Simple triggered random lines Q

Hi, I am to translate this basic Max/MSP patch into a Supercollider synthdef:

This is my (broken) attempt so far:

(
SynthDef(\speakerbass, { |out = 0, amp = 1|
	var source, trig, freqRandStart, freqRandEnd, lineFreq;
	//trig clock
	trig = Metro.kr(100, 2, mul: 1, add: 0);
	//random line freqs
	freqRandStart = Drand([75, 66, 50, 90, 100, 60], inf);
	freqRandEnd = Drand([27, 26, 21, 21, 20, 24], inf);
	//demand bass freq, on trig
	lineFreq = Demand.kr(trig, 0, Line.ar(start: freqRandStart, end: freqRandEnd, dur: 3, mul: 1, add: 0););
	//sine output
	source = SinOsc.ar(freq: lineFreq, phase: 0.0, mul: amp, add: 0.0);
	Out.ar(out, source) / 2;
}
).play;
);

I expect it to differ from my Max version in that both the Start and End line frequencies are randomized rather than paired, the line duration is always 3 seconds, and the clock is in BPM vs ms. But at the moment I’m not getting any audio output. Can anyone offer any suggestions, or an ideal approach to this problem? Little things like this just seem so much simpler in Max&PD… Thank you:)))
Peter

hi

(
SynthDef(\sin, {
	var trig, pairs, line, sig;
	trig = Impulse.ar(1/5); // generates a trigger each 5 secs
	pairs = Demand.ar(trig, 0.0, Drand([
		[75, 27, 3.0],
		[66, 26, 3.5],
		[50, 21, 3.0],
		[90, 21, 4.0]
	], inf)); // randomly choosing pre-paired values
	line = Sweep.ar(trig, 1/pairs[2]).linlin(0, 1, pairs[0], pairs[1], \minmax); // linear sweep 
	sig = SinOsc.ar(line)!2 * -10.dbamp;
	Out.ar(0, sig);
}).add;
)

Synth(\sin);

@wehrk’s solution is correct, but you could make the Impulse, Demand, and Sweep control rate to more accurately reflect the performance of the max patch - but it will probably sound the same.

However, this line…

Out.ar(out, source) / 2;

… is a big error. You are dividing the output of the Out.ar Ugen, rather than the sound that you want to output. It should look like this

Out.ar(out, source / 2);

See, Out takes its second argument and outputs that to the bus. It does not care what you do to it after.
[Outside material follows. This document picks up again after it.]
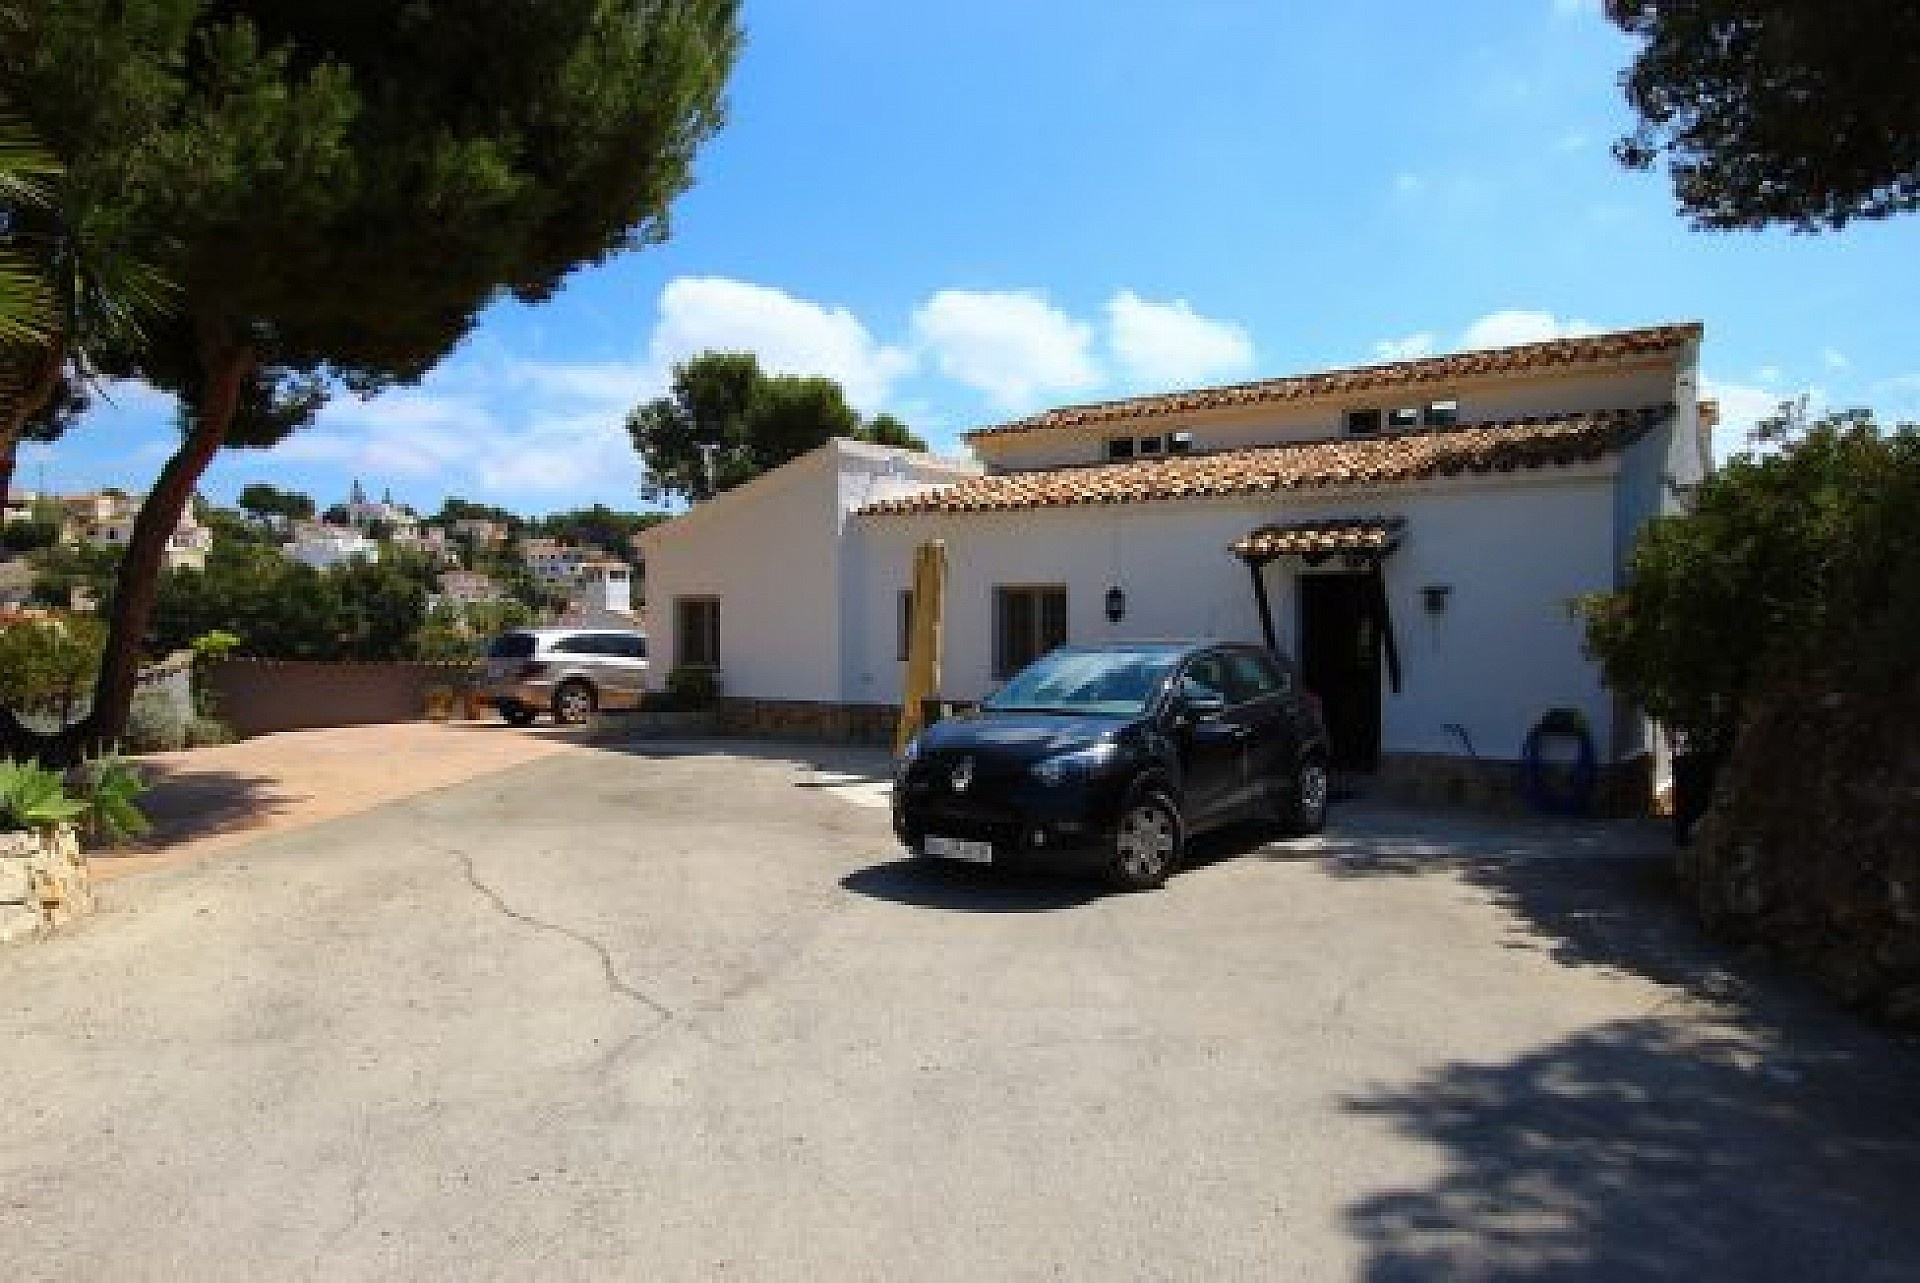 w_parkeerplaats-aan-het-huis-488x326-1.jpg

Sweep, however, is a little tricky, it draws a line starting at 0 that forever increases until reset, that is why the clipping linlin is so important. This is a clever use of clipping, but might not be obvious on first glance.
Alternatively, you could use an envelope.

(
SynthDef(\sin, {
	var trig = Impulse.kr(1/5); 
	var pairs = Demand.kr(trig, 0.0, Drand([
		[75, 27, 3.0],
		[66, 26, 3.5],
		[50, 21, 3.0],
		[90, 21, 4.0]
	], inf));

    // important to repeat the first value so that we can jump to it,
    // rather than interpolate slowly from the previous value.
    // 0 is the intial jump to the new value, between pairs[0] & pairs[0], whereas, 
    // pairs[2] is the time between pairs[0] & pairs[1]
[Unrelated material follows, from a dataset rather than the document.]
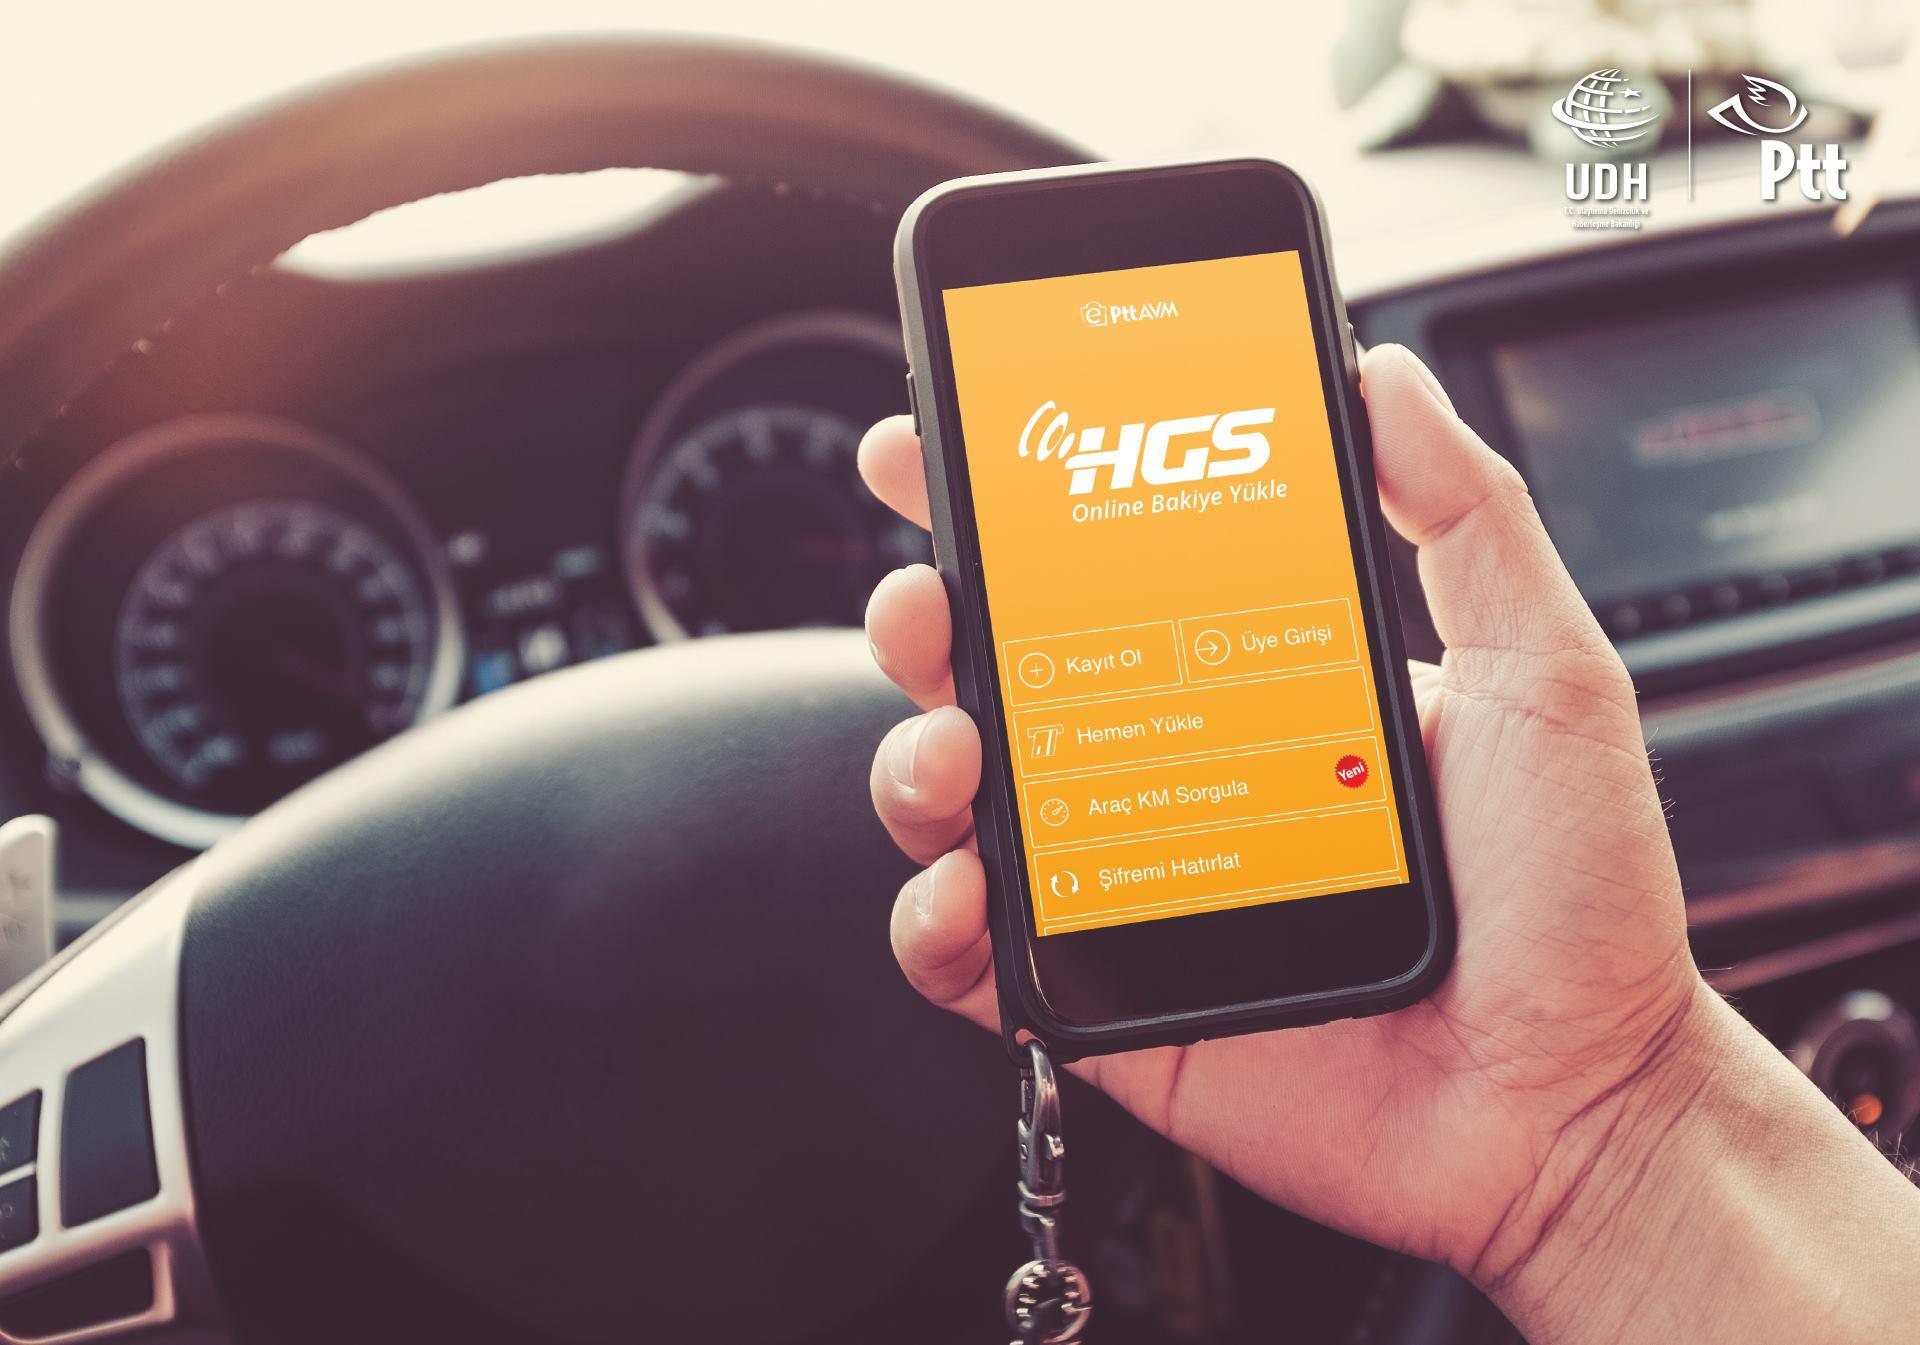 كيف يتم تعبئة بطاقة الـ HGS؟

	var envShape = [pairs[0], pairs[0], pairs[1]]; 
	var envTime = [0, pairs[2]]; 

	var env = EnvGen.kr(Env(envShape, envTime), trig);
	var sig = SinOsc.ar(env)!2 * -10.dbamp;
	Out.ar(0, sig);
}).add;
)


Synth(\sin);

Hi,
Thank you both @wehrk and @jordan for your perfect solutions!
A quick Q, what does it mean, the “!2” in “sig = SinOsc.ar(line)!2 * -10.dbamp;”?
For fun, i’m attaching a small video of a first test with two of these oscillators modulating movement of some floppy latex on a membrane.

.dup(2)

I.e…

2!3 == [2,2,2]

thank you @jordan for the explanation !